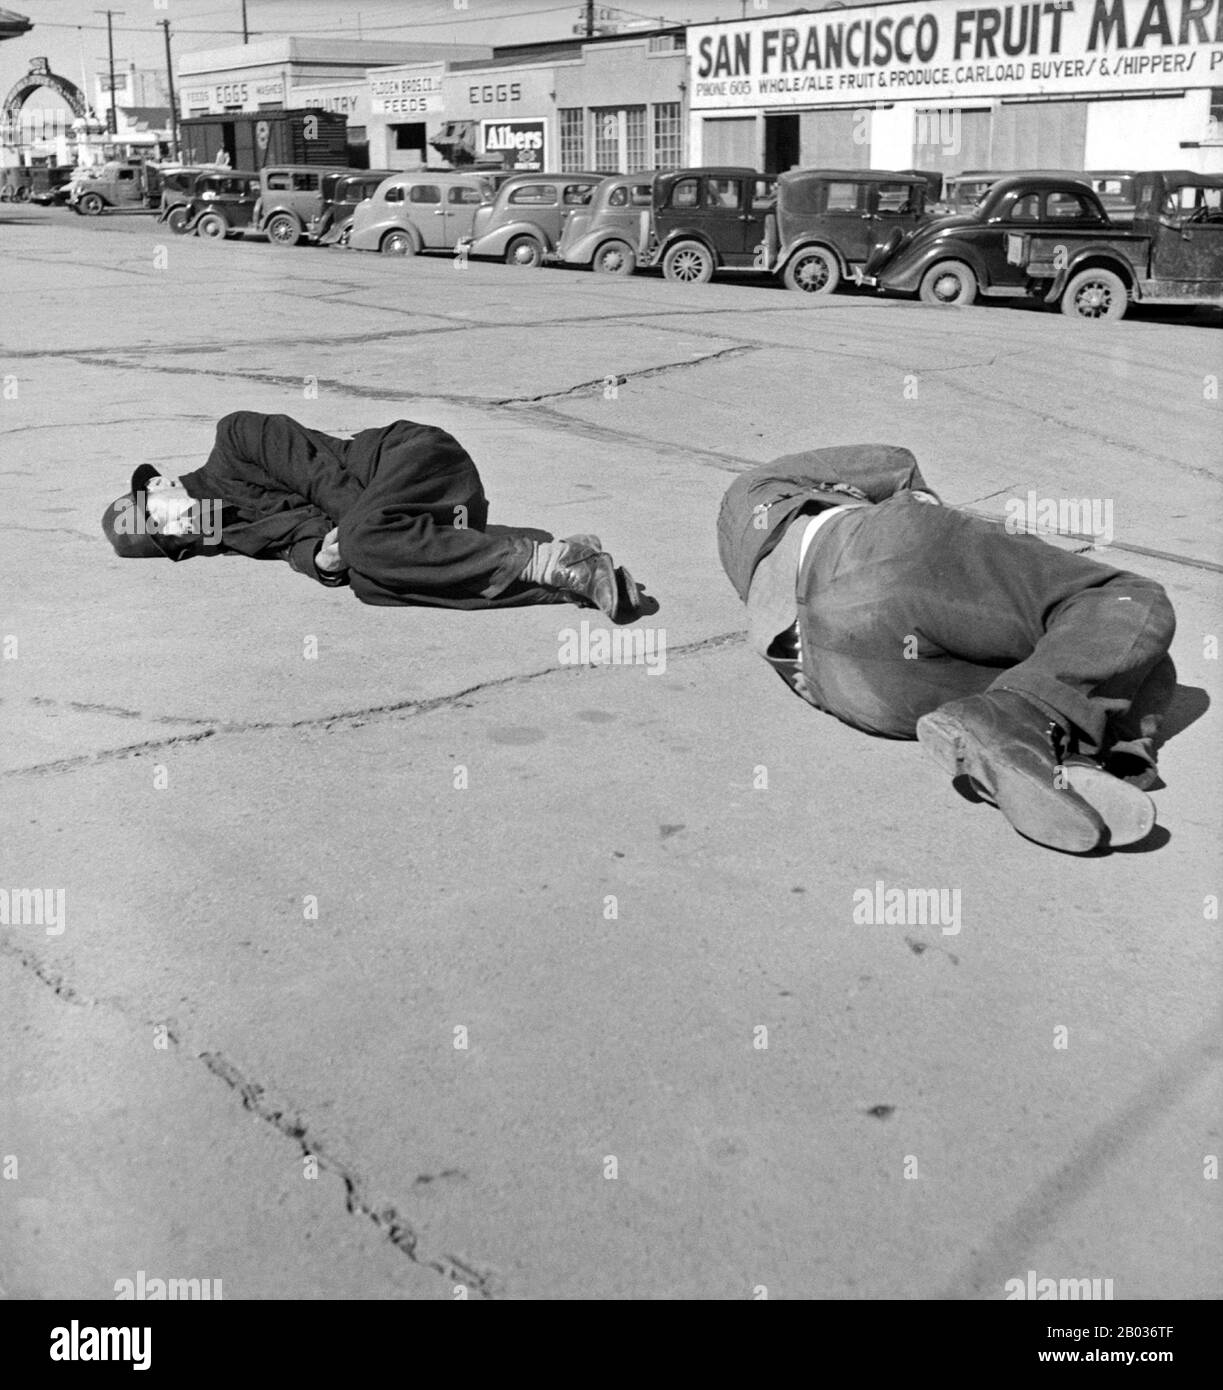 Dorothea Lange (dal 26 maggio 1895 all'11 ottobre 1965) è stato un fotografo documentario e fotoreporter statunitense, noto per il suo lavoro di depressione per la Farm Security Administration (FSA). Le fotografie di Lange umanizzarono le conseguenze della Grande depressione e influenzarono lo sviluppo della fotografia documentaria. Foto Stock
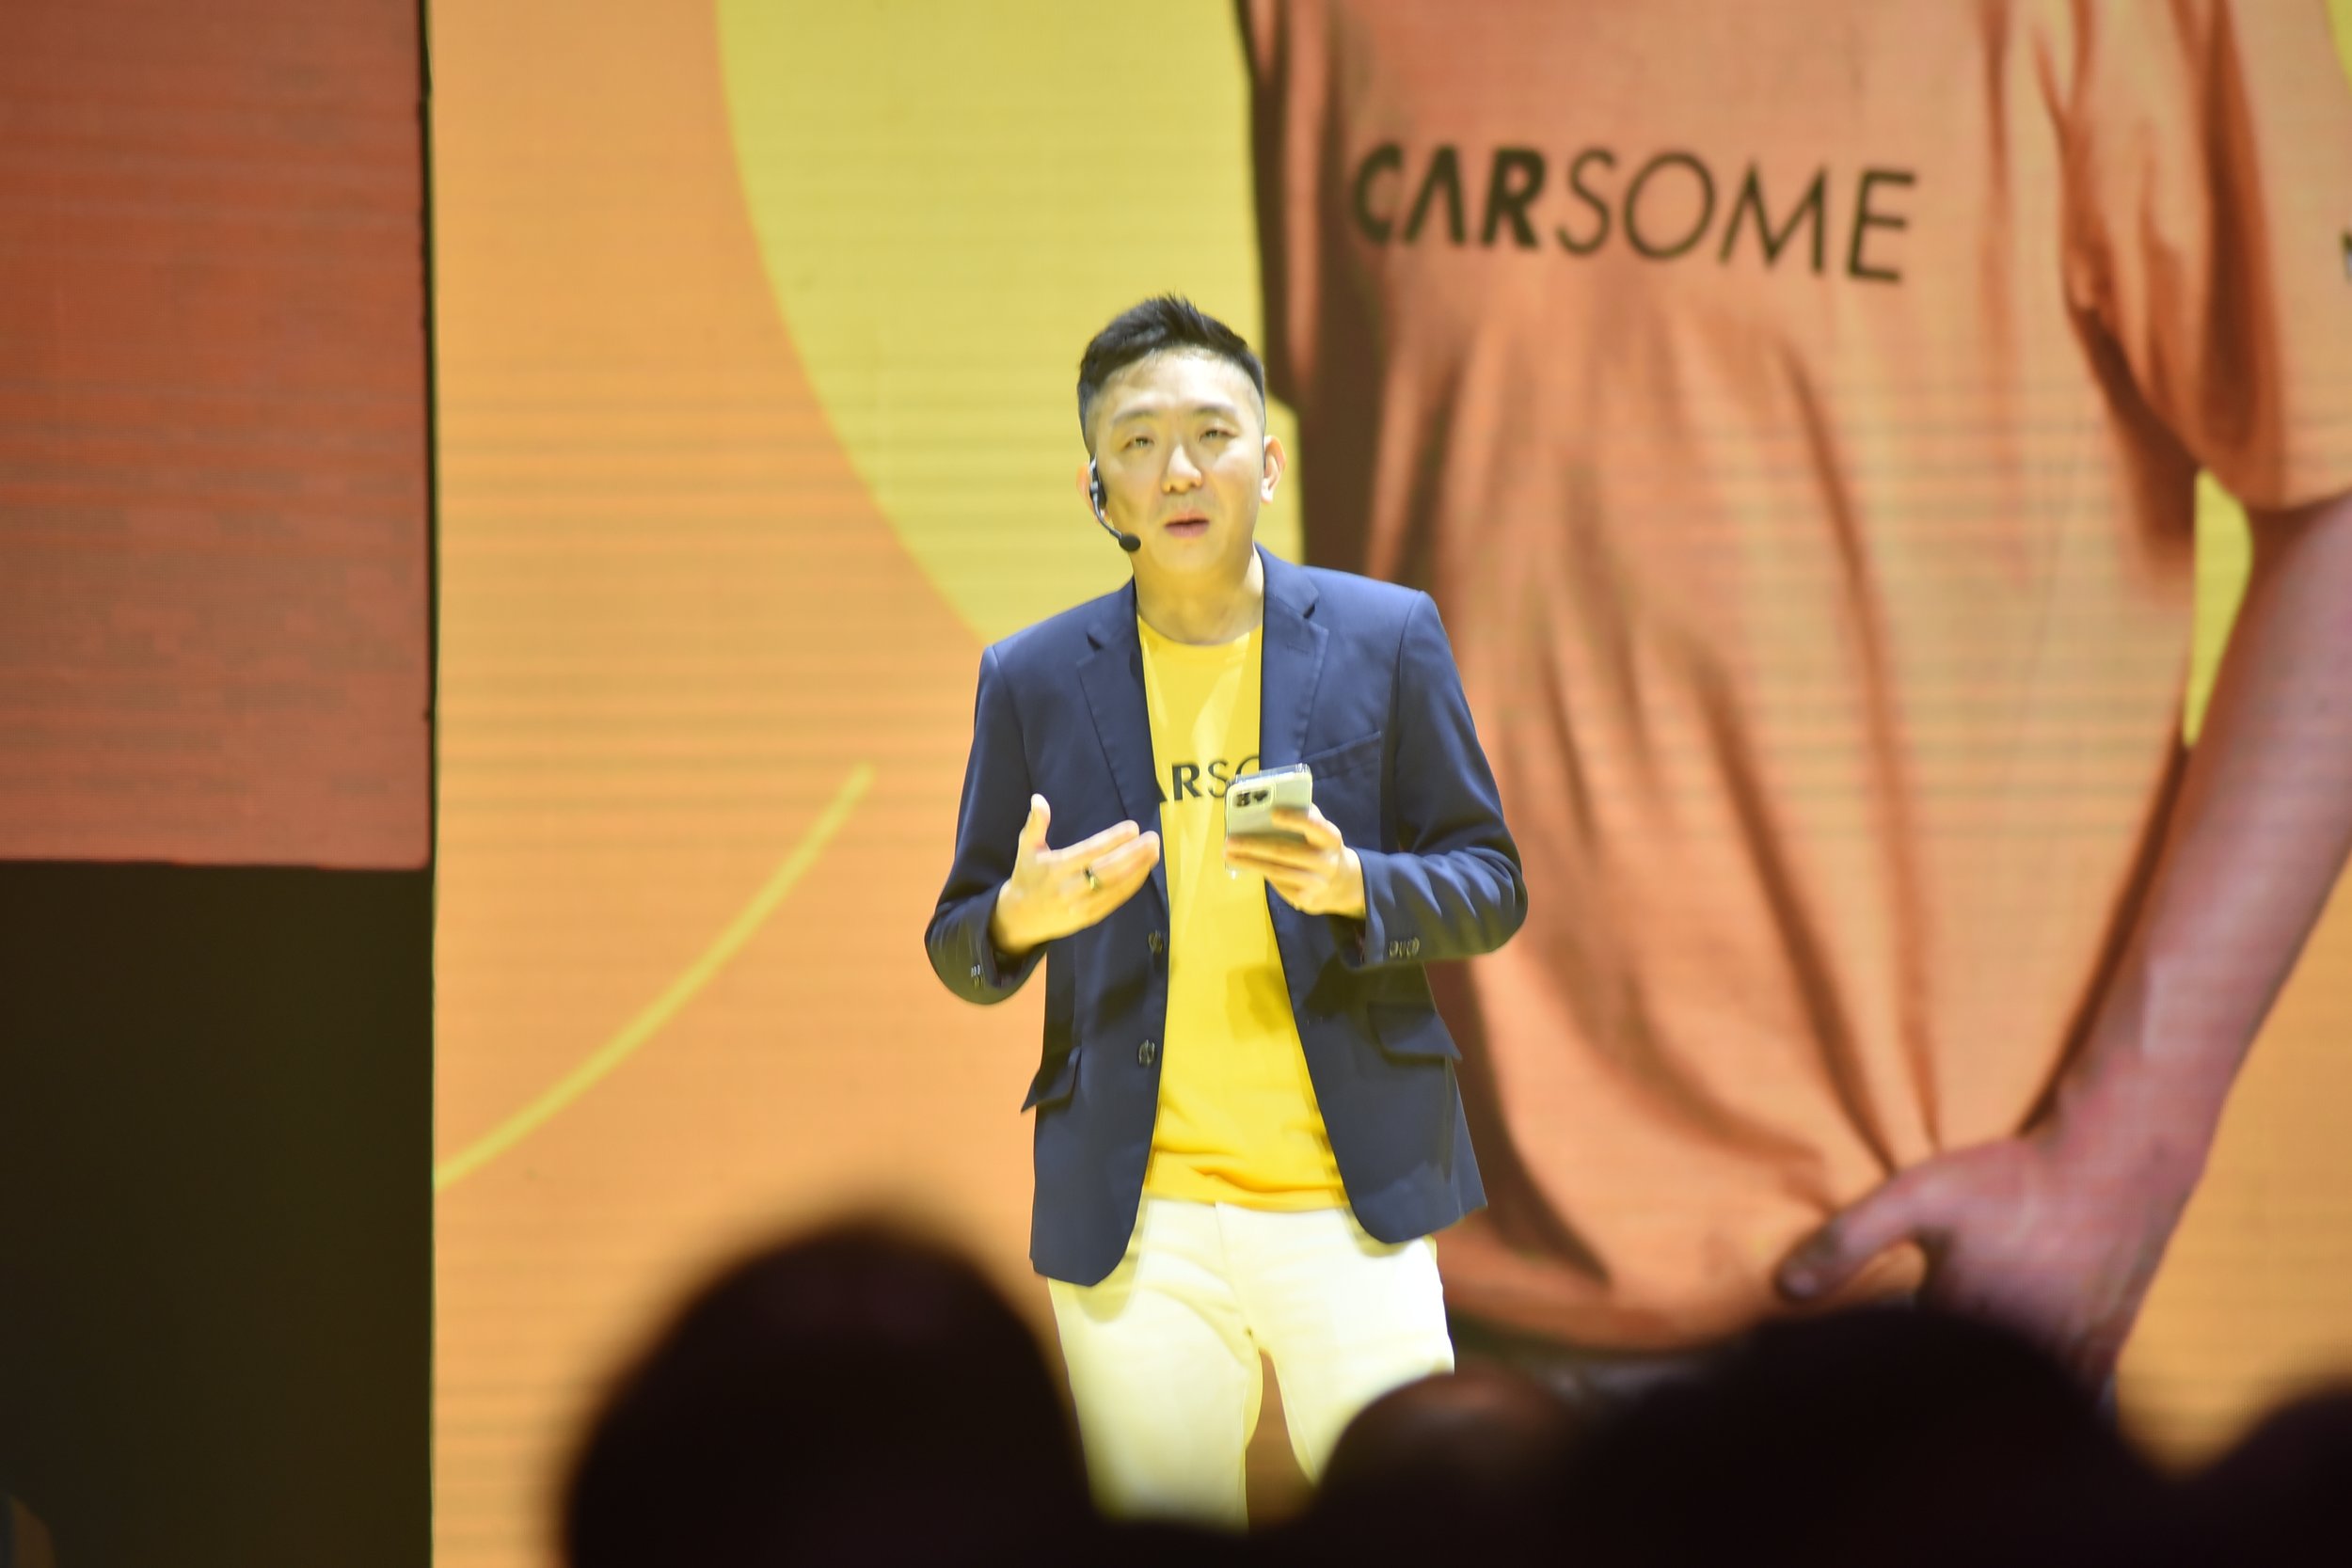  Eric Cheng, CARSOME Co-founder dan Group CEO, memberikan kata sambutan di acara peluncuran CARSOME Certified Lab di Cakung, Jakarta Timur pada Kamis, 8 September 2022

---

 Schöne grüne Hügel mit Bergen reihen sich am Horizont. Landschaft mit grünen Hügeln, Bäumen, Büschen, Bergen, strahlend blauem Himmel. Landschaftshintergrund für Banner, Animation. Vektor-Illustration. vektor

Work task => Could you write out exactly the lines of the data above that run from the one holding "Dorothea Lange (dal" to the one holding "Eric Cheng, CARSOME", with both ends in and all pictures out?

Reply to the task =>
 Dorothea Lange (dal 26 maggio 1895 all'11 ottobre 1965) è stato un fotografo documentario e fotoreporter statunitense, noto per il suo lavoro di depressione per la Farm Security Administration (FSA). Le fotografie di Lange umanizzarono le conseguenze della Grande depressione e influenzarono lo sviluppo della fotografia documentaria. Foto Stock
  Eric Cheng, CARSOME Co-founder dan Group CEO, memberikan kata sambutan di acara peluncuran CARSOME Certified Lab di Cakung, Jakarta Timur pada Kamis, 8 September 2022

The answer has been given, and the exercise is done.